In court documents, Moujaes says that she'd initially been unsure whether police were trying to pull her over and that she'd been undoing her seatbelt before getting out of the car. She also claims police hadn't explained the purpose of the blood test.

Moujaes is seeking compensation for her injuries along with damages for her constitutional rights being violated, emotional trauma, and other problems.

 

Jury selection

The eight jurors who will hear the case were selected Monday, December 12. Opening statements were expected to start Tuesday.

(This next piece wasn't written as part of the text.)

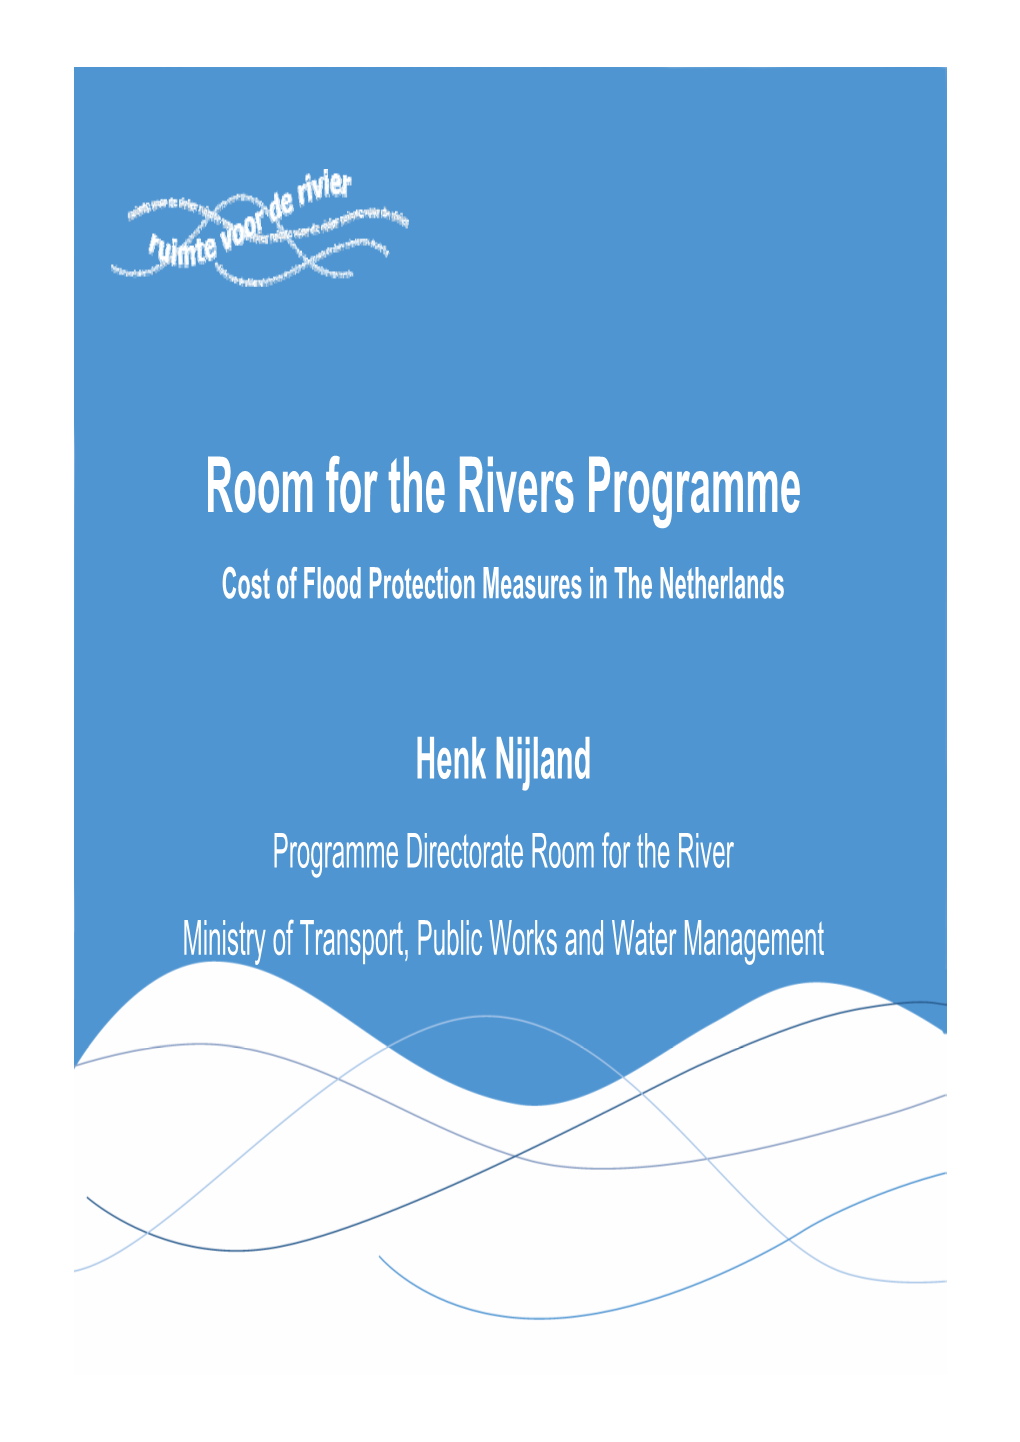 Room for the Rivers Programme Cost of Flood Protection Measures in the Netherlands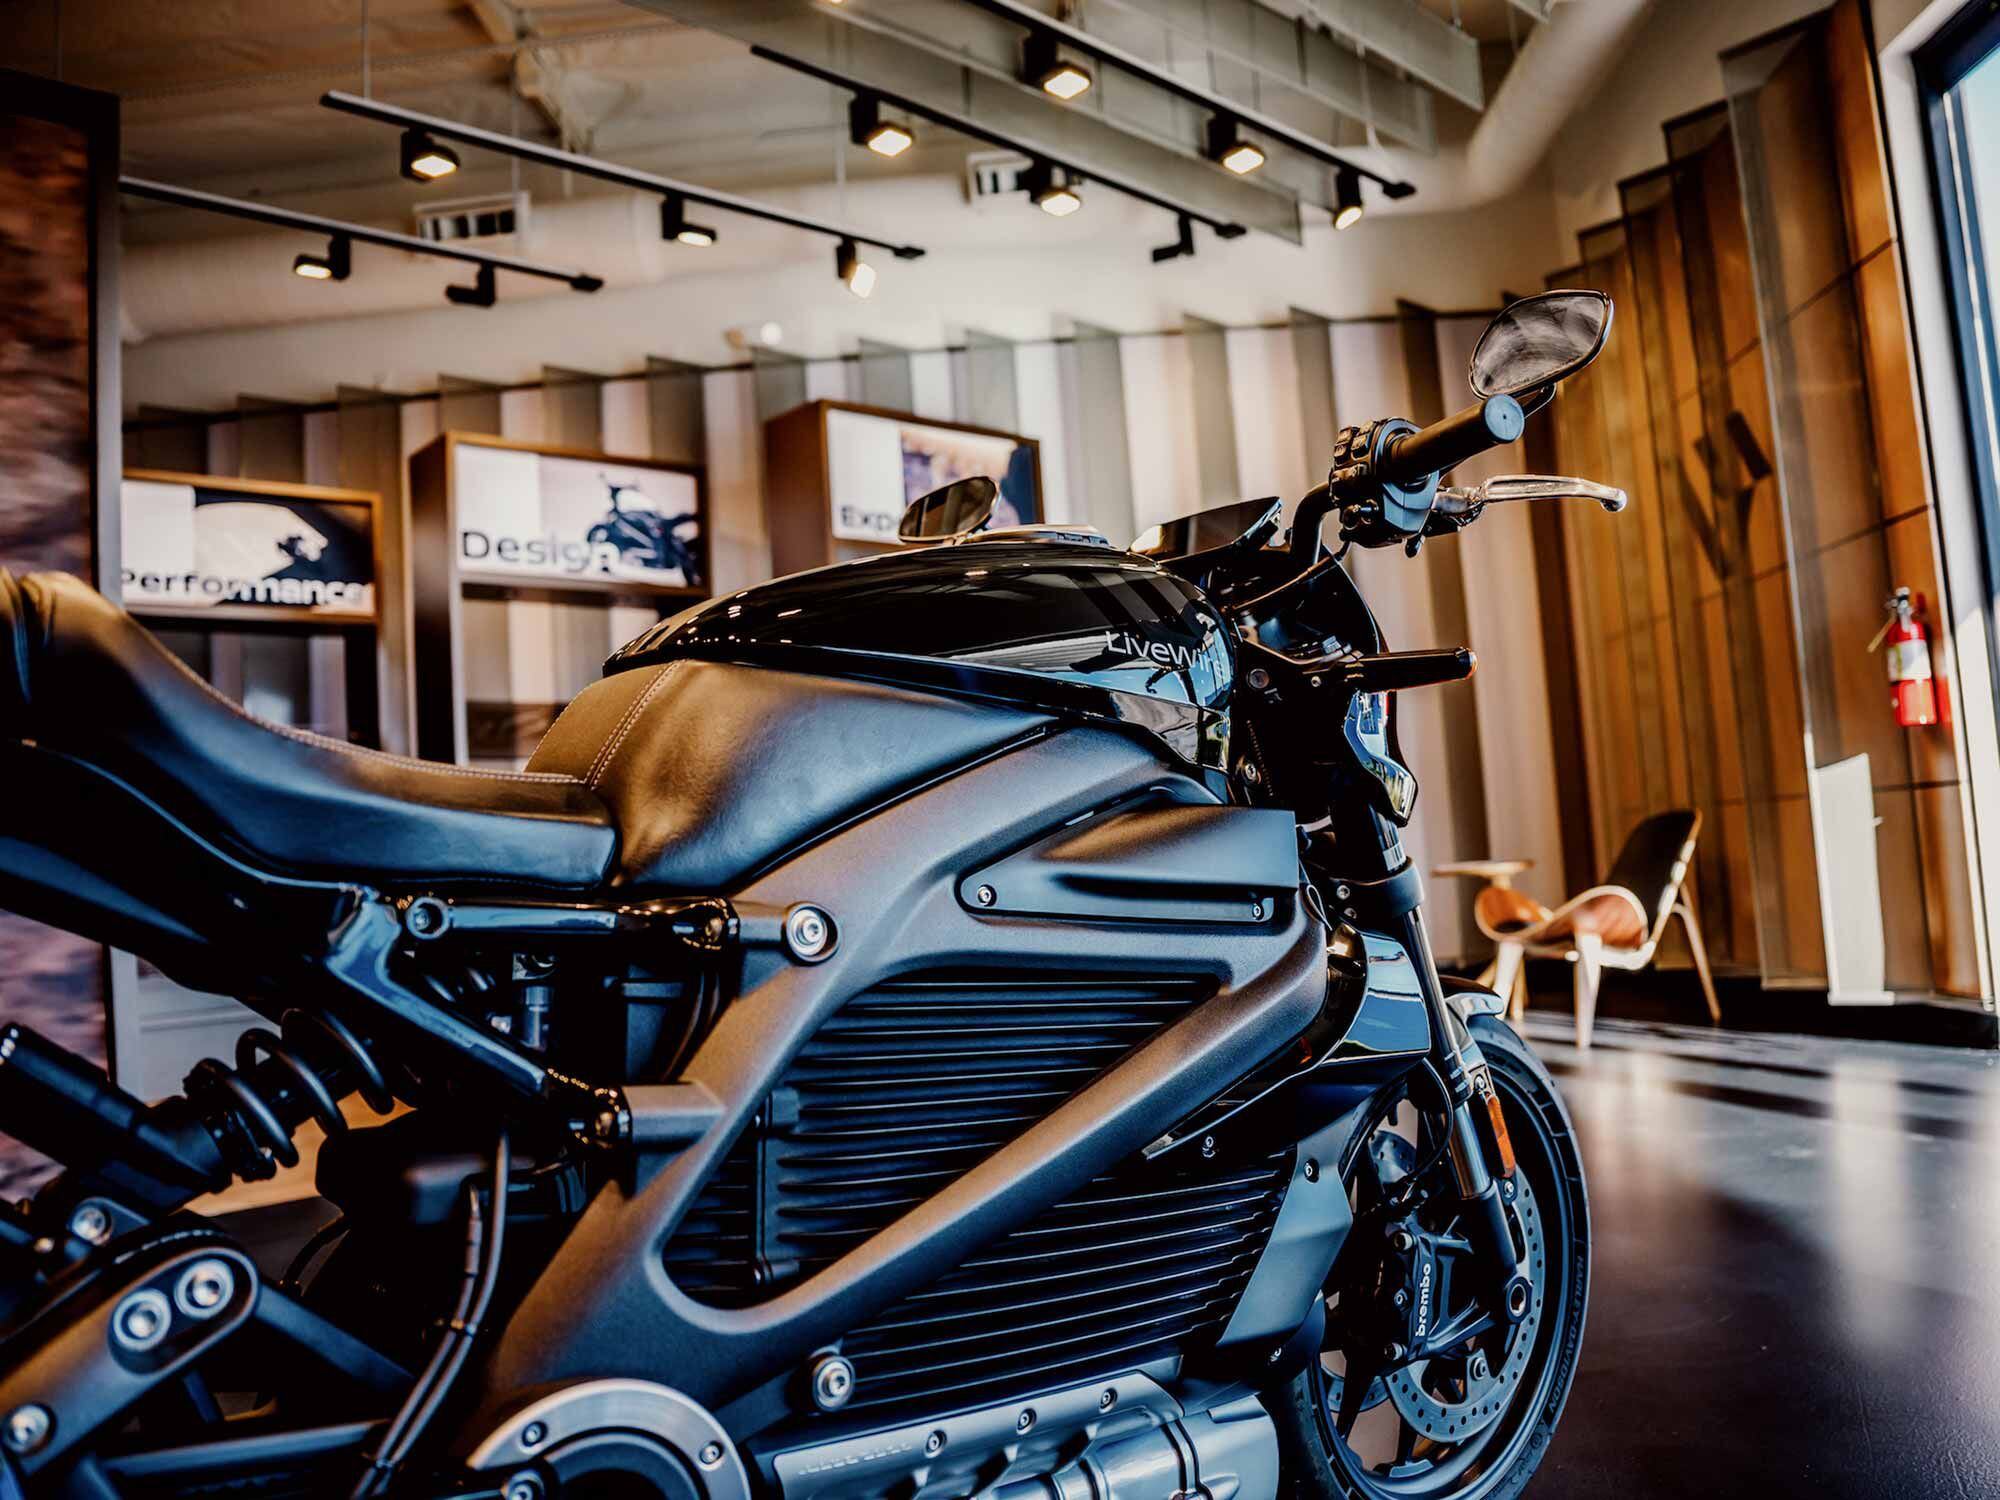 A look inside the Malibu LiveWire Experience Center that Harley debuted to unite EV riders.

One prospective juror, the chief financial officer for a San Francisco startup company, said during jury selection Monday that he doesn't "discriminate in employing people," but "I don't support legalized gay marriage."

He also said, "It would be a challenge" to be fair in the trial because he gives police "the benefit of the doubt."

However, he said, "I would try to be as fair as I could be."

Kevin Love Hubbard, one of Moujaes' attorneys, told Magistrate Donna Ryu that the man should be dismissed in part because he'd be "unable to accept that LGBT people might experience discrimination."

San Francisco Deputy City Attorney Margaret Baumgartner said that the man "did say he could evaluate the evidence in the case," but Ryu dismissed him.

The trial is expected to end by December 20.